With all records of one kind I want to create a pandas DataFrame with the dicts keys as columns names, I've try with pandas.DataFrame.from_dict() without success.
And here comes my question: Is any way to do this with pandas so dict keys become column names? Are any other standard method to deal with this kind of files?
To make a DataFrame from a dictionary, you can pass a list of dictionaries:
>>> person1 = {'type': 01, 'name': 'Jhon', 'surname': 'Smith', 'phone': '555-1234'}
>>> person2 = {'type': 01, 'name': 'Jannette', 'surname': 'Jhonson', 'credit': 1000000.00}
>>> animal1 = {'type': 03, 'cname': 'cow', 'sciname': 'Bos....', 'legs': 4, 'tails': 1 }
>>> pd.DataFrame([person1])
name phone surname type
0 Jhon 555-1234 Smith 1
>>> pd.DataFrame([person1, person2])
credit name phone surname type
0 NaN Jhon 555-1234 Smith 1
1 1000000 Jannette NaN Jhonson 1
>>> pd.DataFrame.from_dict([person1, person2])
credit name phone surname type
0 NaN Jhon 555-1234 Smith 1
1 1000000 Jannette NaN Jhonson 1
For the more fundamental issue of two differently-formatted files intermixed, and assuming the files aren't so big that we can't read them and store them in memory, I'd use StringIO to make an object which is sort of like a file but which only has the lines we want, and then use read_fwf (fixed-width-file).

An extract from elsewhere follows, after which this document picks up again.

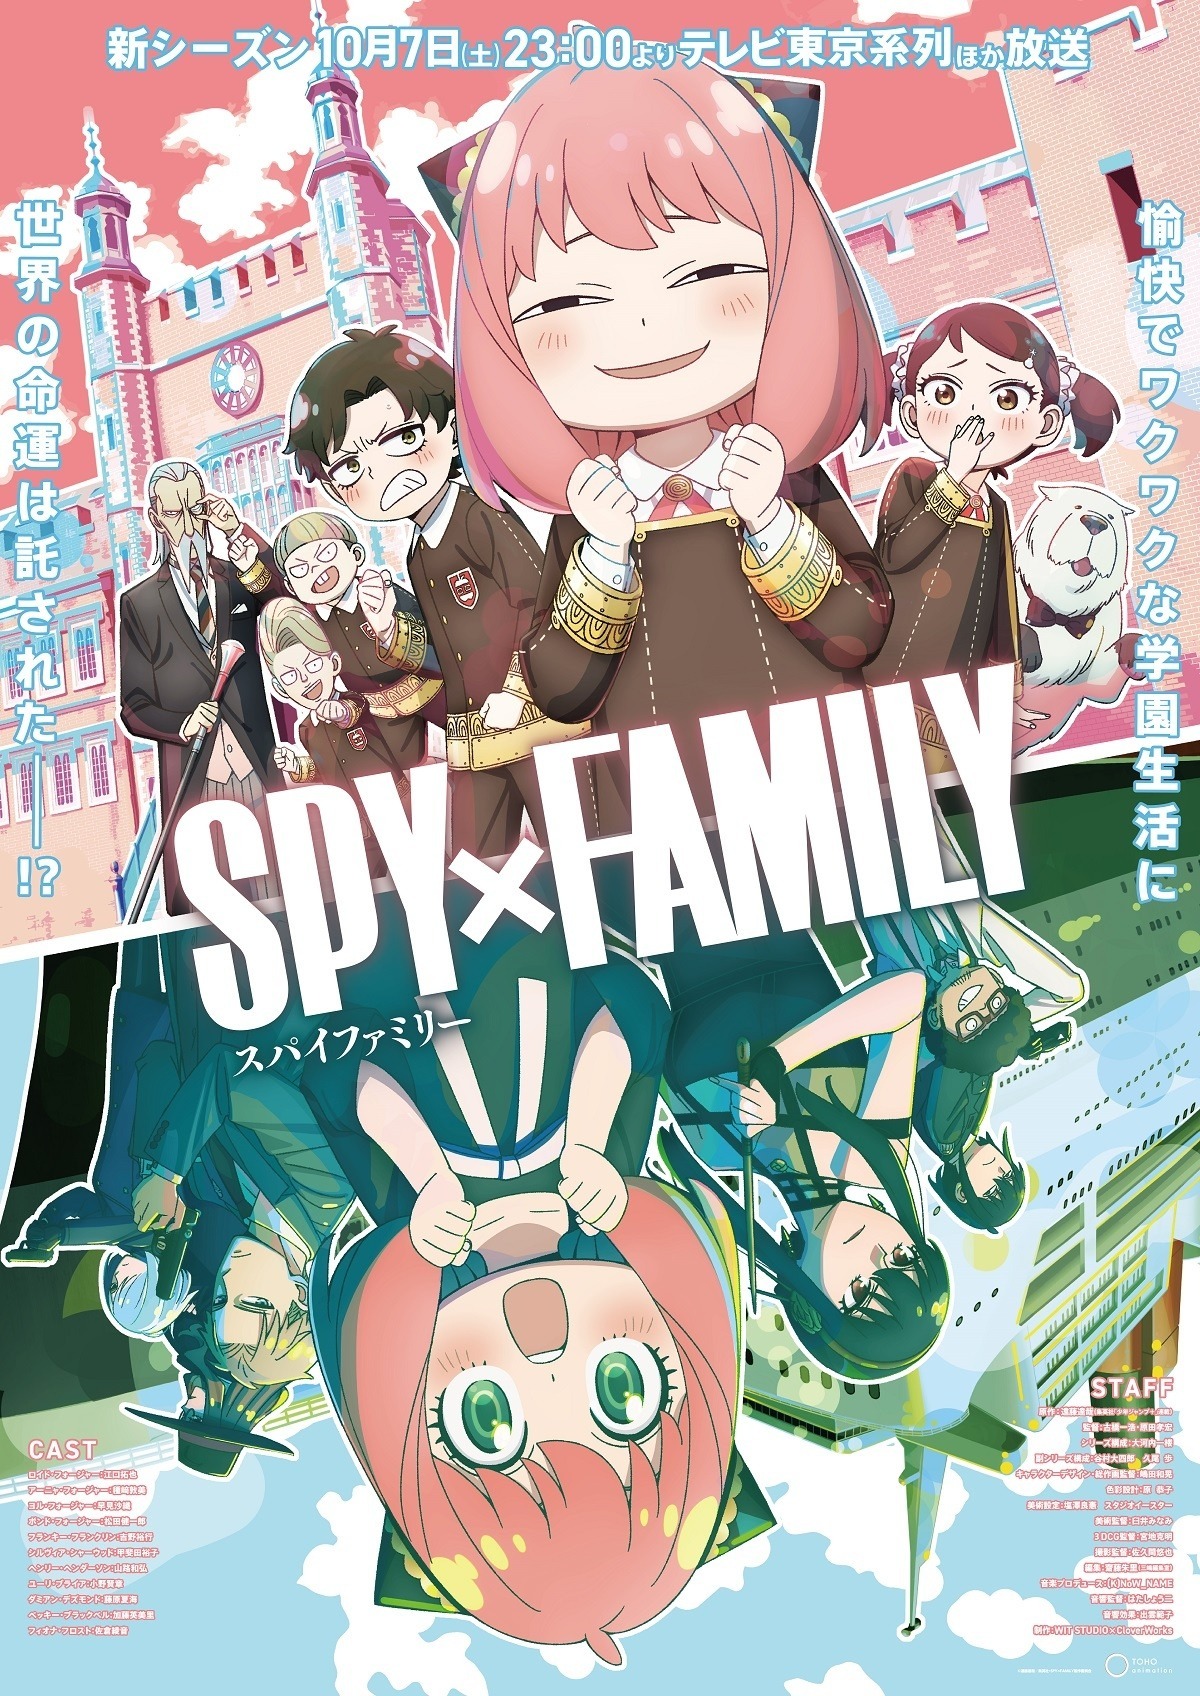 SPY x FAMILY Anime Kicks off Season 2 with Celebratory Artwork -  Crunchyroll News

For example:
from StringIO import StringIO
def get_filelike_object(filename, line_prefix):
s = StringIO()
with open(filename, "r") as fp:
for line in fp:
if line.startswith(line_prefix):
s.write(line)
s.seek(0)
return s
and then
>>> type01 = get_filelike_object("animal.dat", "01")
>>> df = pd.read_fwf(type01, names="type name surname phone credit".split(),
widths=[2, 10, 10, 8, 11], header=None)
>>> df
type name surname phone credit
0 1 Jhon Smith 555-1234 NaN
1 1 Jannette Jhonson NaN 100000000
should work. Of course you could also separate the files into different types before pandas ever sees them, which might be easiest of all.